### EXERCISE DESCRIPTION
Keep the images out and copy every entry below exactly.

──────── TASK DATA

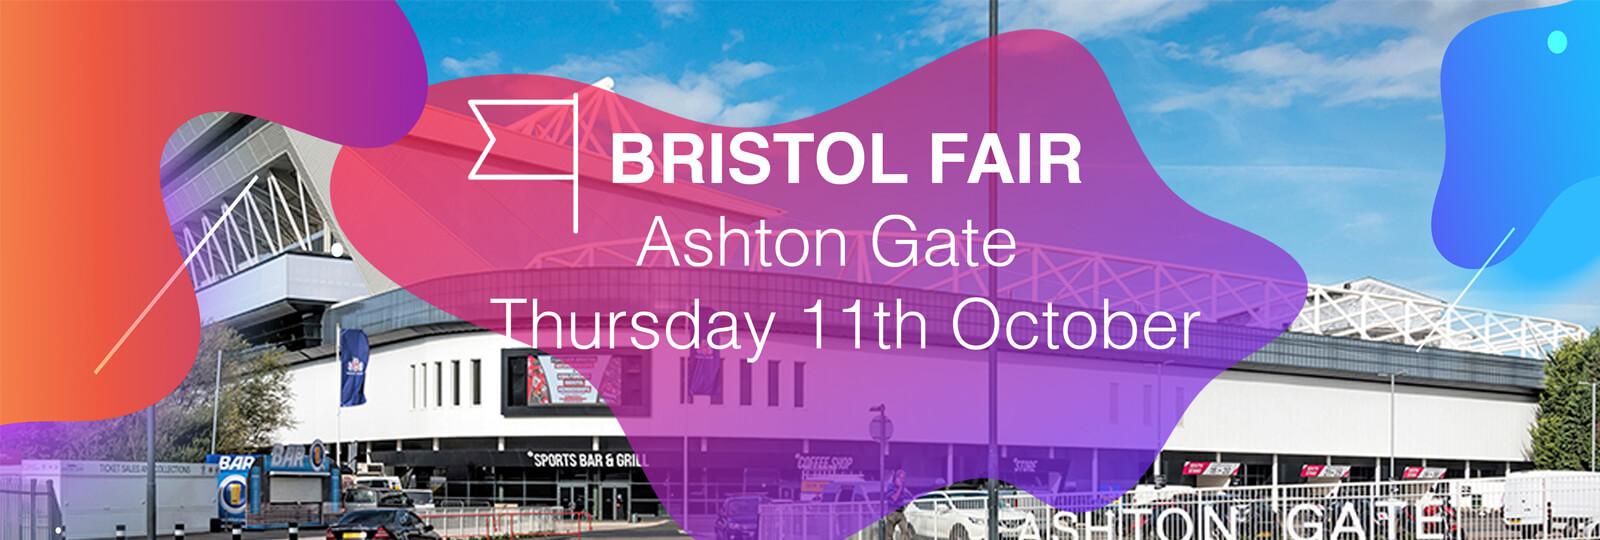 Bristol Fair
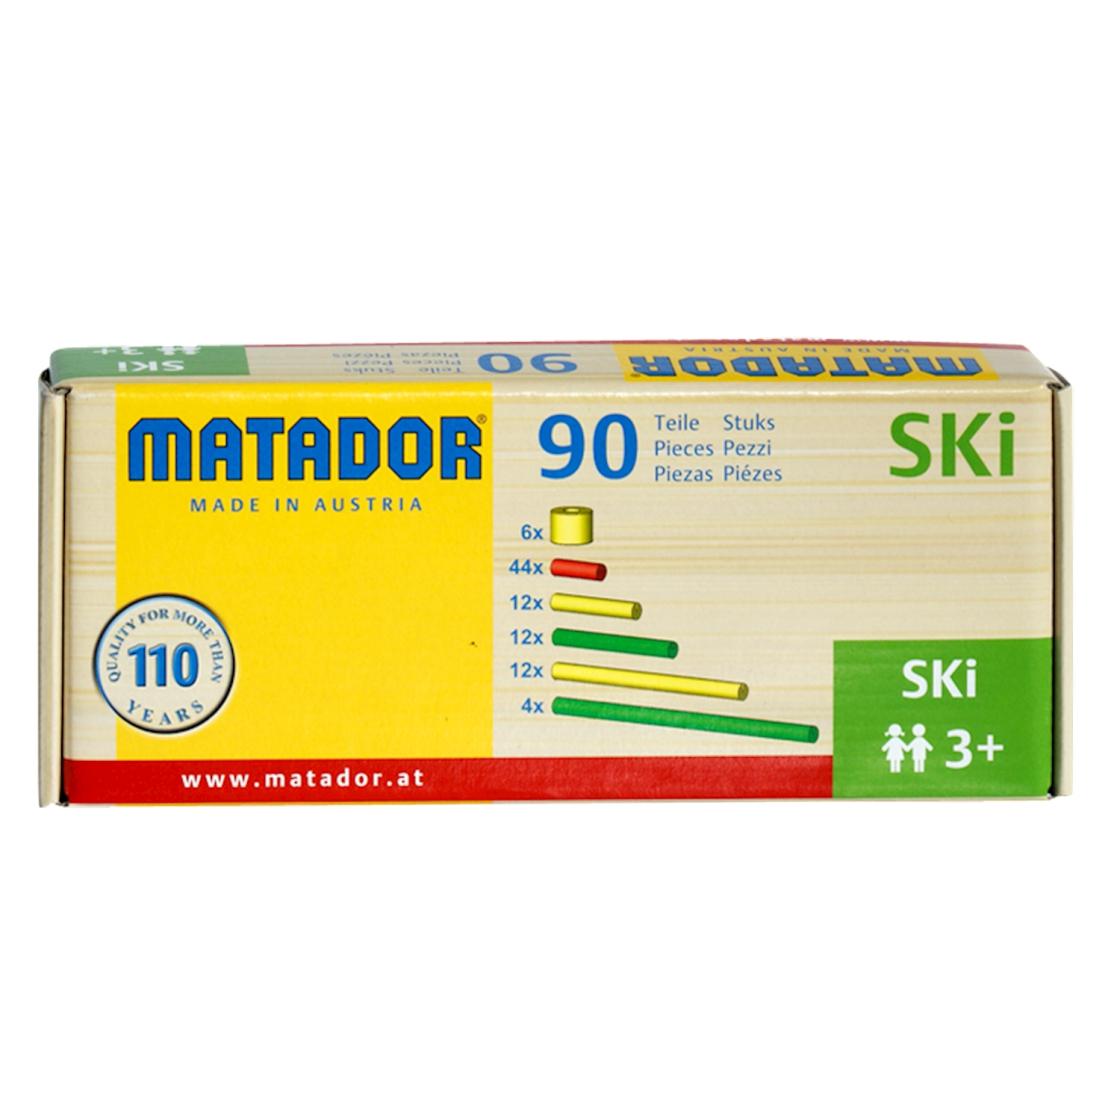 Matador M100 Maker Baukasten 70-teilig Holz NEU Baukästen & Konstruktion #
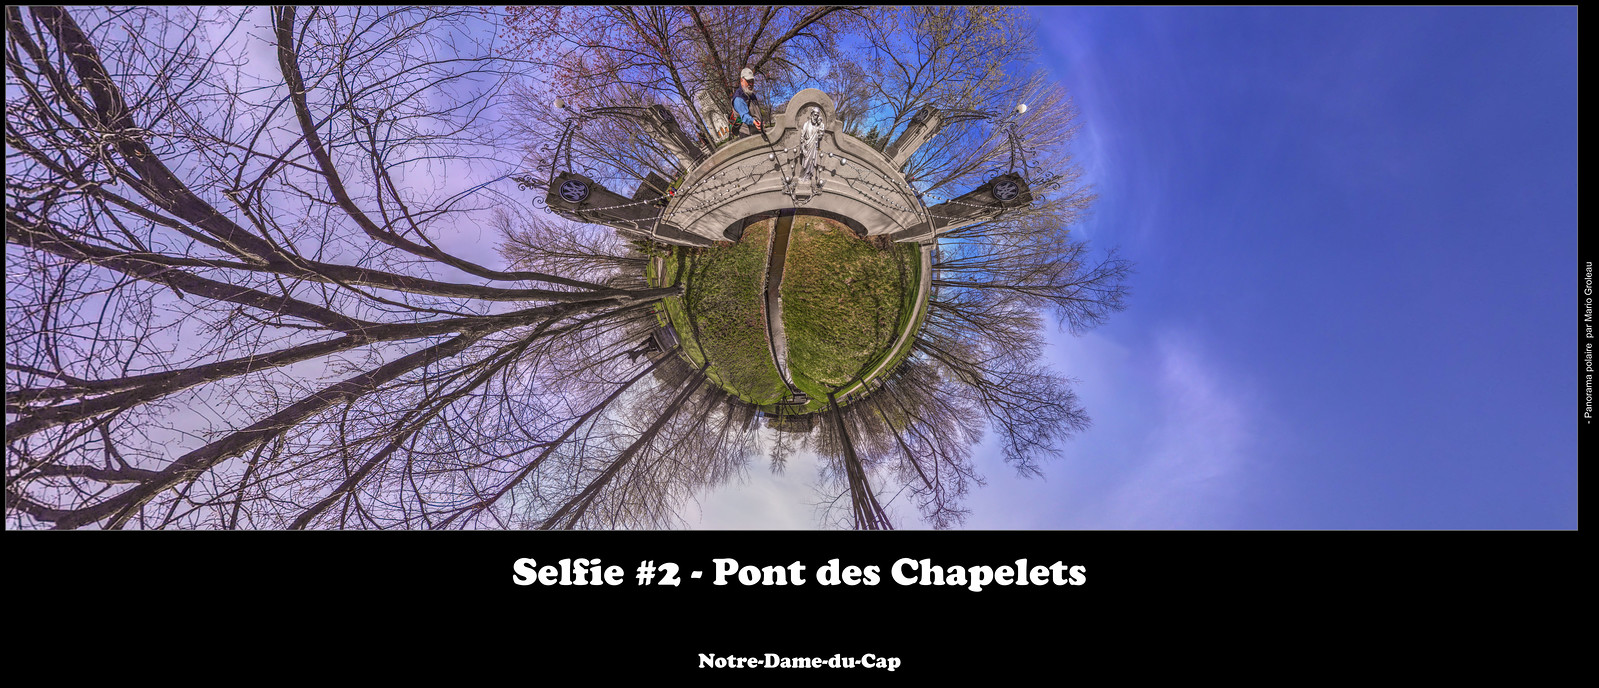 Selfie #2 - Pont des Chapelets
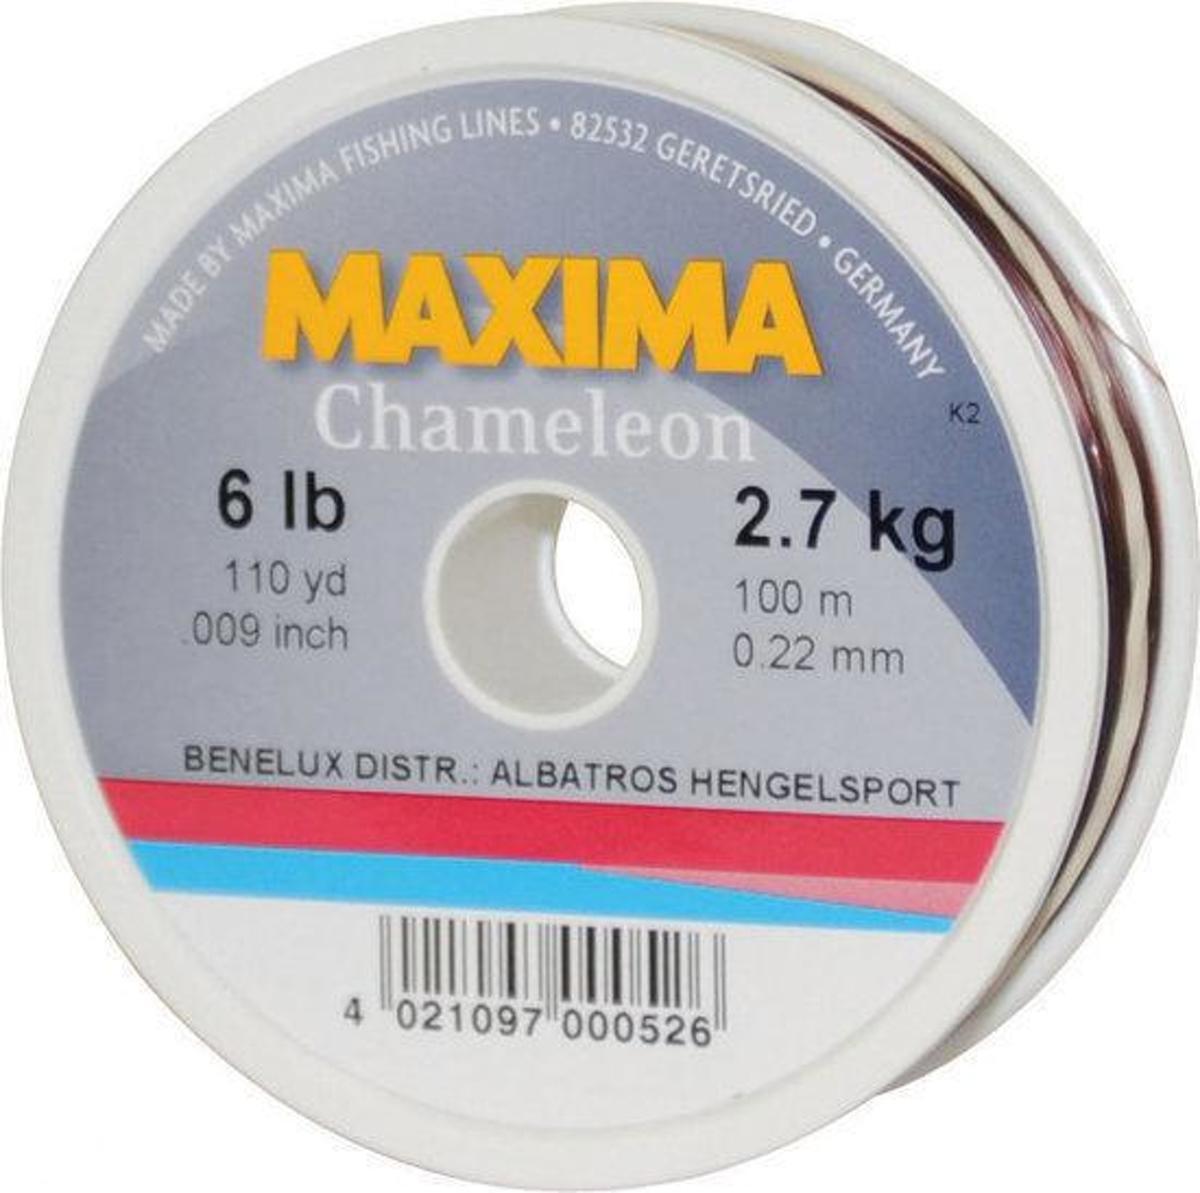 Maxima Chameleon Vislijn - 0.15 mm - 1.4 kg - 100 m
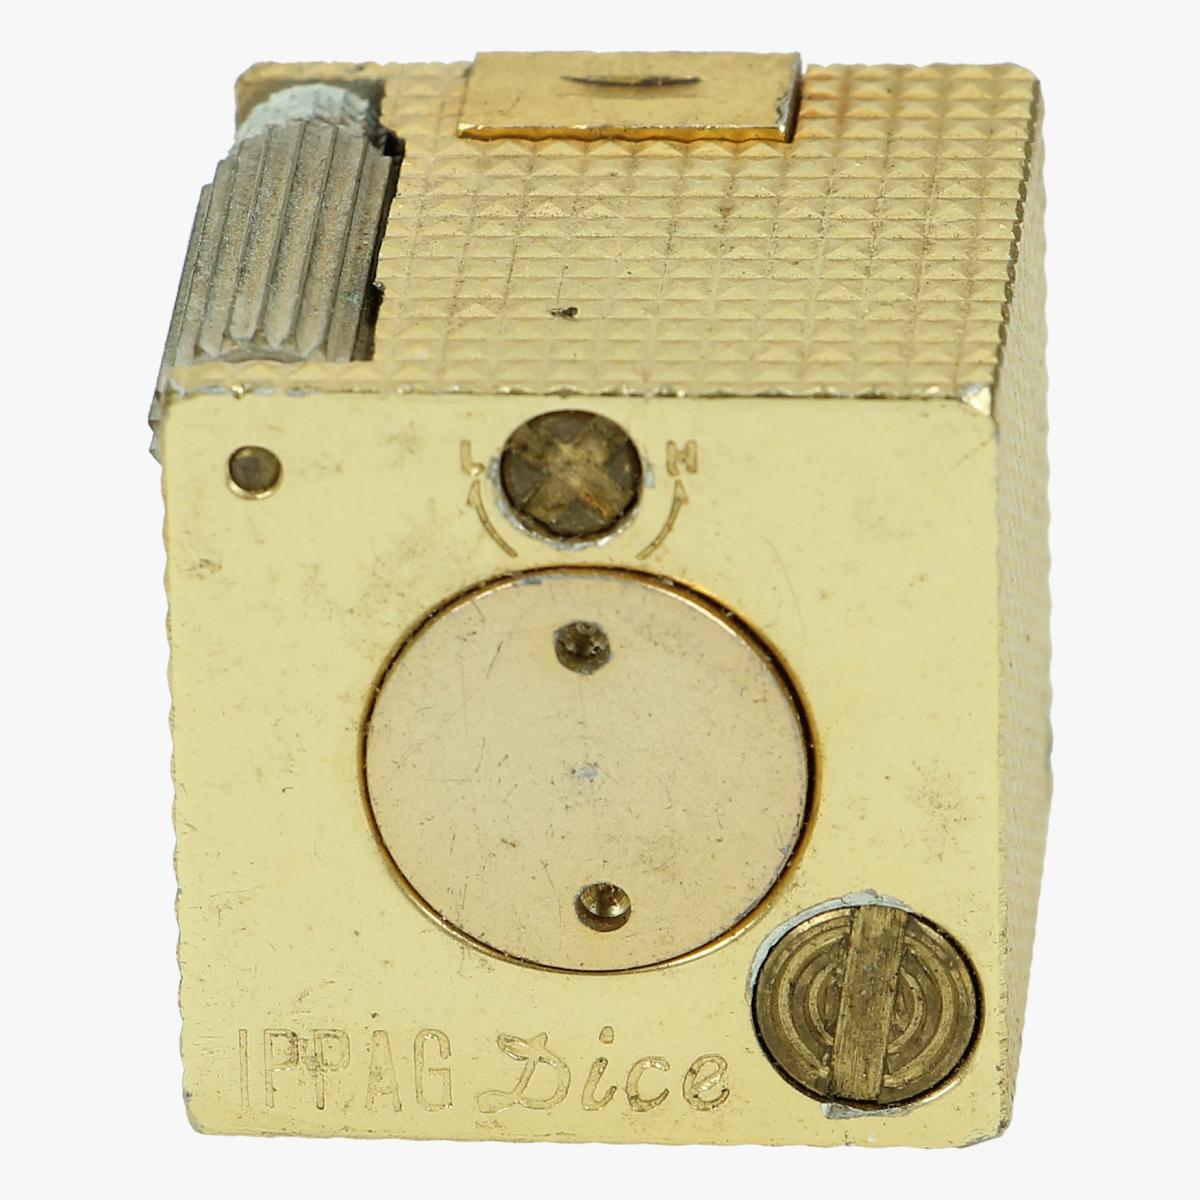 Afbeeldingen van oude aan steker D.K.E IPPAG DICE
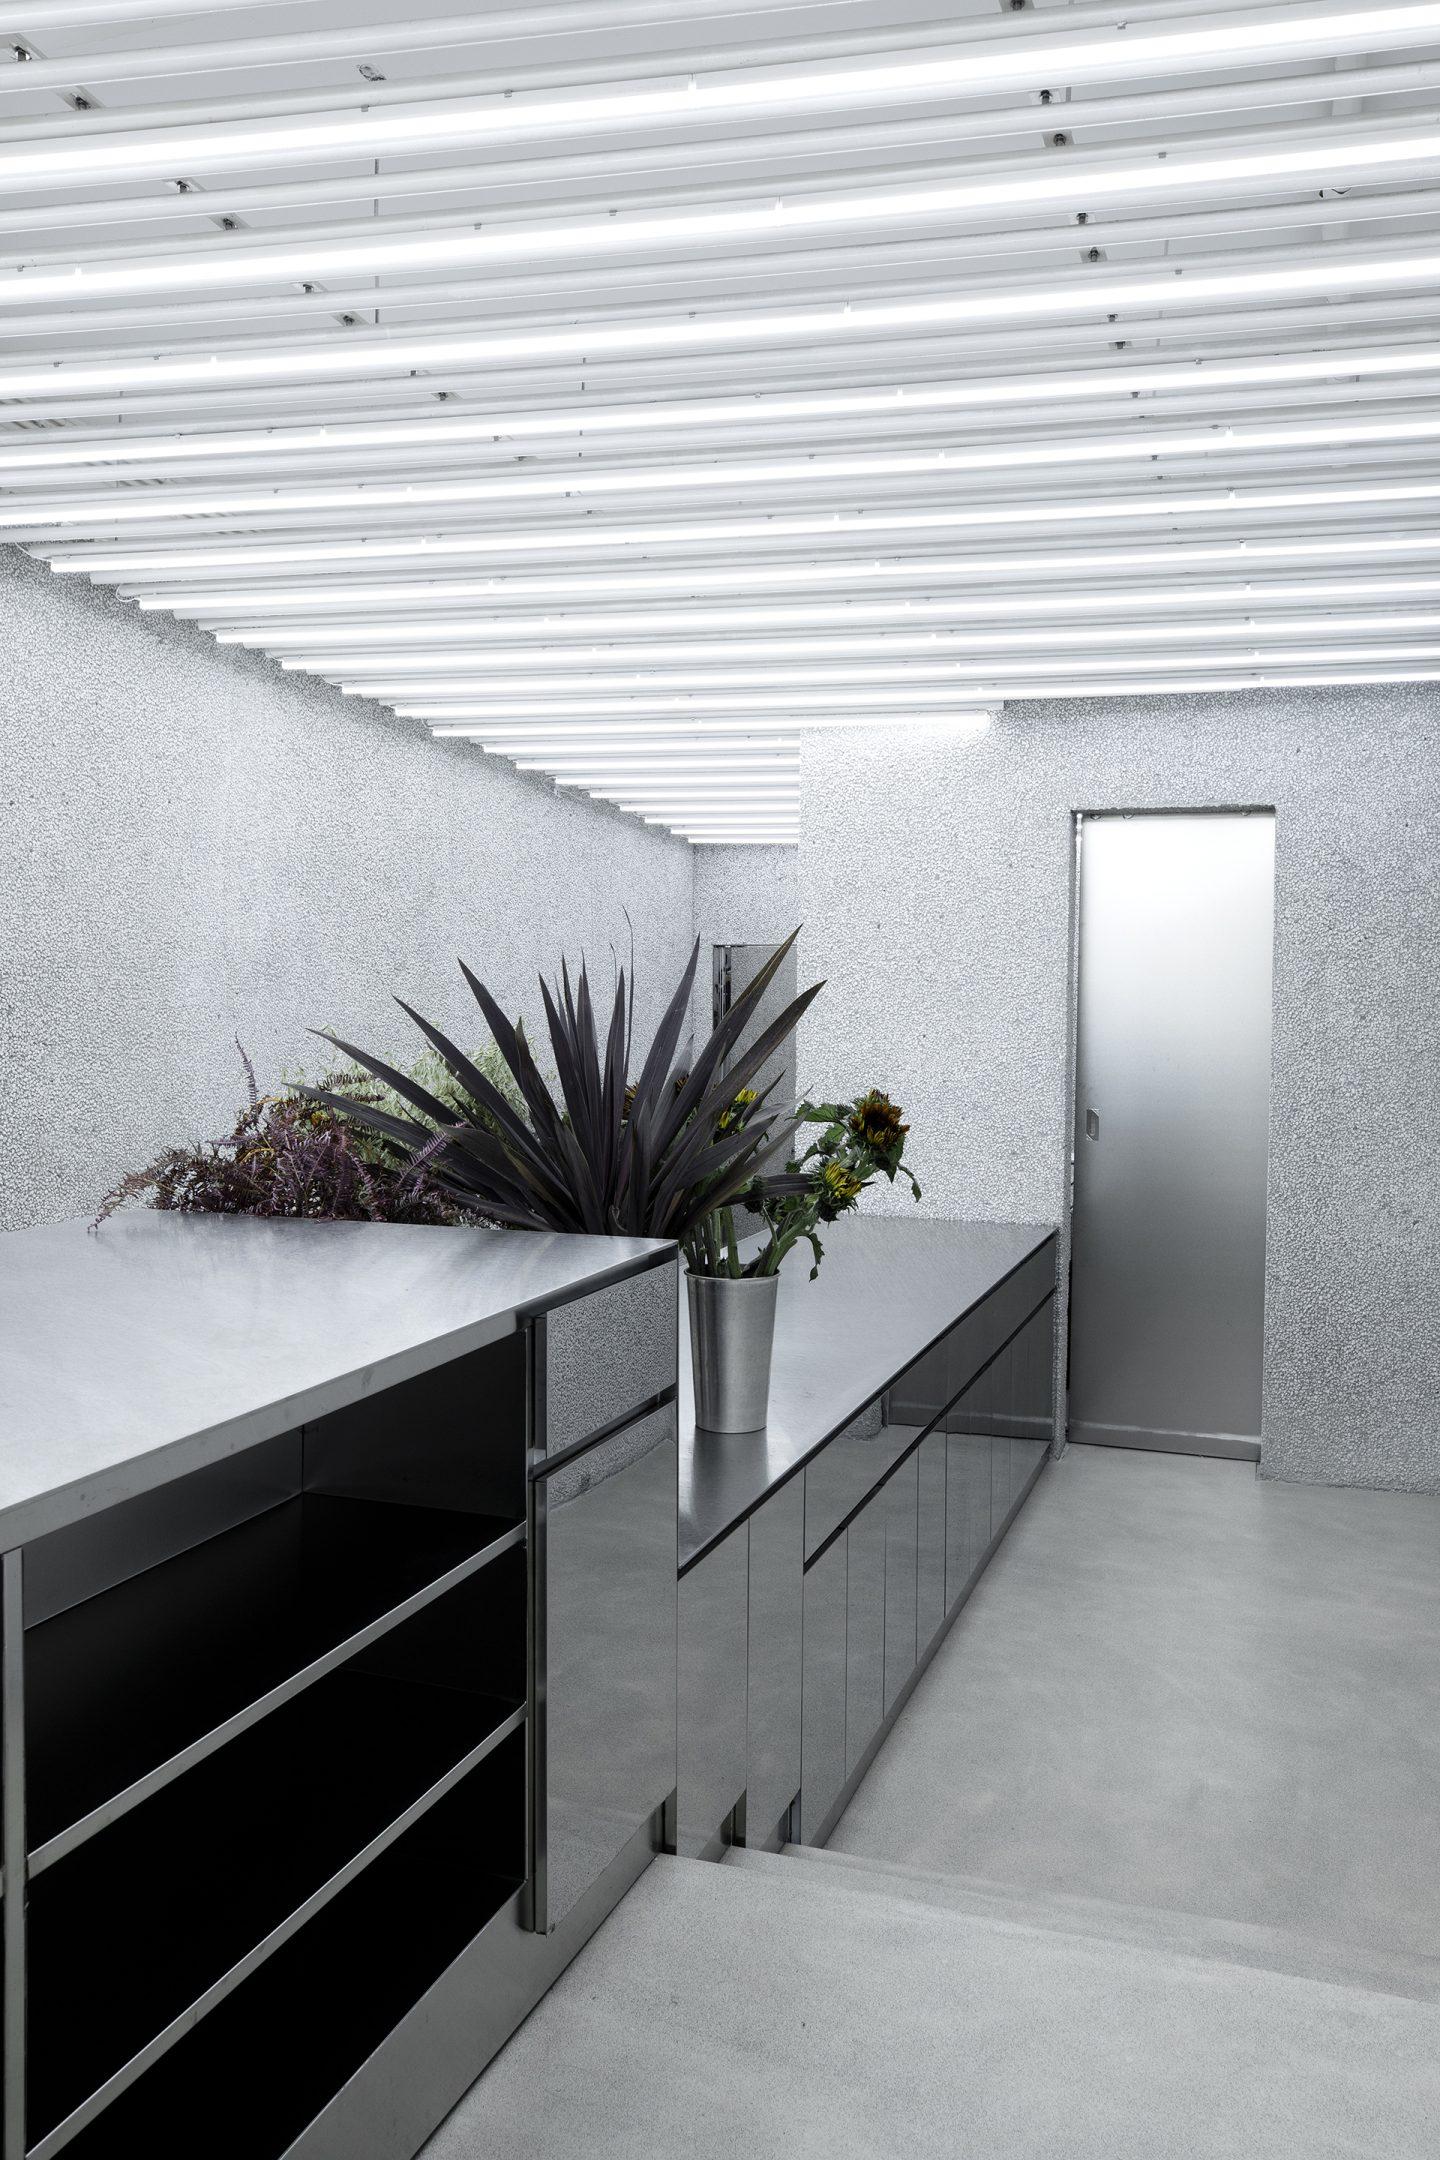 IGNANT-Architecture-0321studio-14

────────────────

### OUTPUT BELOW
 Bristol Fair
 Matador M100 Maker Baukasten 70-teilig Holz NEU Baukästen & Konstruktion #
 Selfie #2 - Pont des Chapelets
 Maxima Chameleon Vislijn - 0.15 mm - 1.4 kg - 100 m
 Afbeeldingen van oude aan steker D.K.E IPPAG DICE
 IGNANT-Architecture-0321studio-14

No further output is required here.